PIERRE EMMANUEL

JacobÉditions du Seuil, 1970

Au fort de la nuit Jacob se leva car il sentait une Puissance approcher.
Il se tira lourdement de sa vase il se désembourba de son âme
Un péché d’énorme fatigue une boue de plomb lui collait dessus
Une angoisse l’écœurait d’être en vie.
Cette mort molle qu’il faut hisser puis contraindre à se tenir debout
Moi qui se somme d’être un rocher et sitôt droit n’est qu’une chute
      d’entrailles
Tel est l’homme devant l’exigence de Dieu et le fardeau d’en être aimé.

Quand Dieu est si près que l’homme ne peut fuir il peut toujours tomber
     dans son puits
Mais tout au fond il est horriblement acculé par les appels venant de la
    margelle
Et sa stupeur lui devient un enfer quand il s’y entend traquer par son
     nom.
Cousu serré dans son sac à mensonges lesté du poids de ses moindres
     mots
Chu de lui-même au plus épais de son trou qui se referme indifférent à
      mesure
Il se réveille étale et sans borne sur une île d’oubli douloureux

                         Jacob, « Au fort de la nuit »

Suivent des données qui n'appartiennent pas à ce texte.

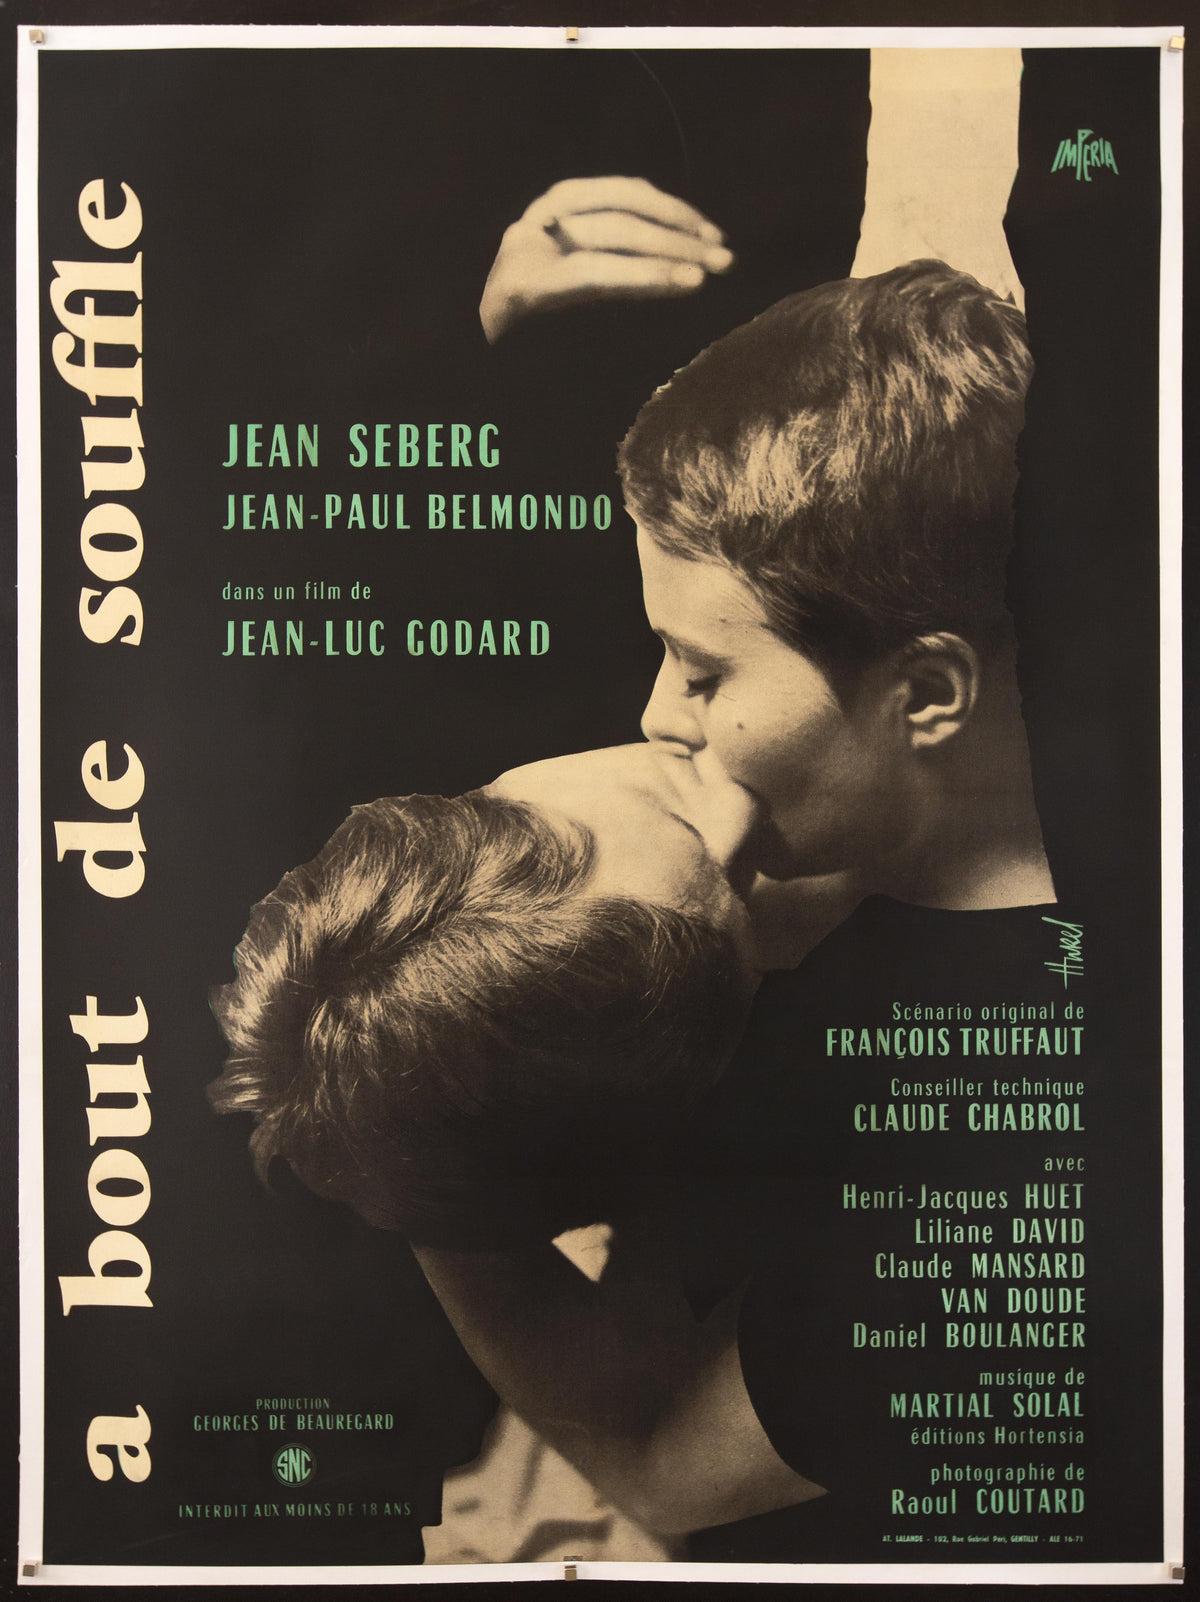 Breathless (A Bout De Souffle) French 1 Panel (47x63) Original Vintage Movie Poster

     « Jacob fait seuil dans l’œuvre de Pierre Emmanuel : il y a un avant, il y a un après, [comme au reste il y a un avant le combat de Jacob et un après dans le livre, où chacun est invité à se retrouver dans le personnage du patriarche. Jacob] est en effet l’expression et l’issue d’une crise douloureuse — « Durant des années, je souffris à tel point […] que je cessai d’écrire en poésie », (La vie terrestre, Paris, Le Seuil, 1976, p. 31) —, que l’auteur appelle "l’ambiguïté esthétique" (ibid., p. 36), ouverte en 1960-1961 par l’écriture d’Évangéliaire. [...]
     Le travail sur la figure de Jacob, l’une des plus ambiguës de la Bible, a permis à Pierre Emmanuel de trouver un chemin, de découvrir un raisonnement en accédant — et d’accéder — à une autre relation au langage, permettant une parole symbolique, c’est-à-dire une parole qui toujours simultanément incarne et pointe vers un au-delà d’elle-même : "Verbe Visage", premier poème de la partie "La Sainte Face" dans Jacob, est ainsi placé au centre de l'œuvre pour dire et le paroxysme et la résolution de la crise.
     Le fruit en sera un style autre, remarqué par la critique. Hubert Juin notait, dans une étude rétrospective de toute l’œuvre, à la mort du poète : "Ici — il s’agit de Jacob — Pierre Emmanuel use d’une voix plus hermétique, d’après ses juges. En fait, il recrée une poésie oubliée dans nos domaines : une poésie métaphysique où il est question des replis du temps, de l’être et du salut. […] Puis vint la grande période de création poétique" ("Un rhétoricien hanté", in Le Monde, 25 septembre 1984). »

Anne-Sophie Constant, notice de Jacob, Œuvres poétiques complètes, t. 2, L’Âge d’Homme, 2003, p. 1261-1265.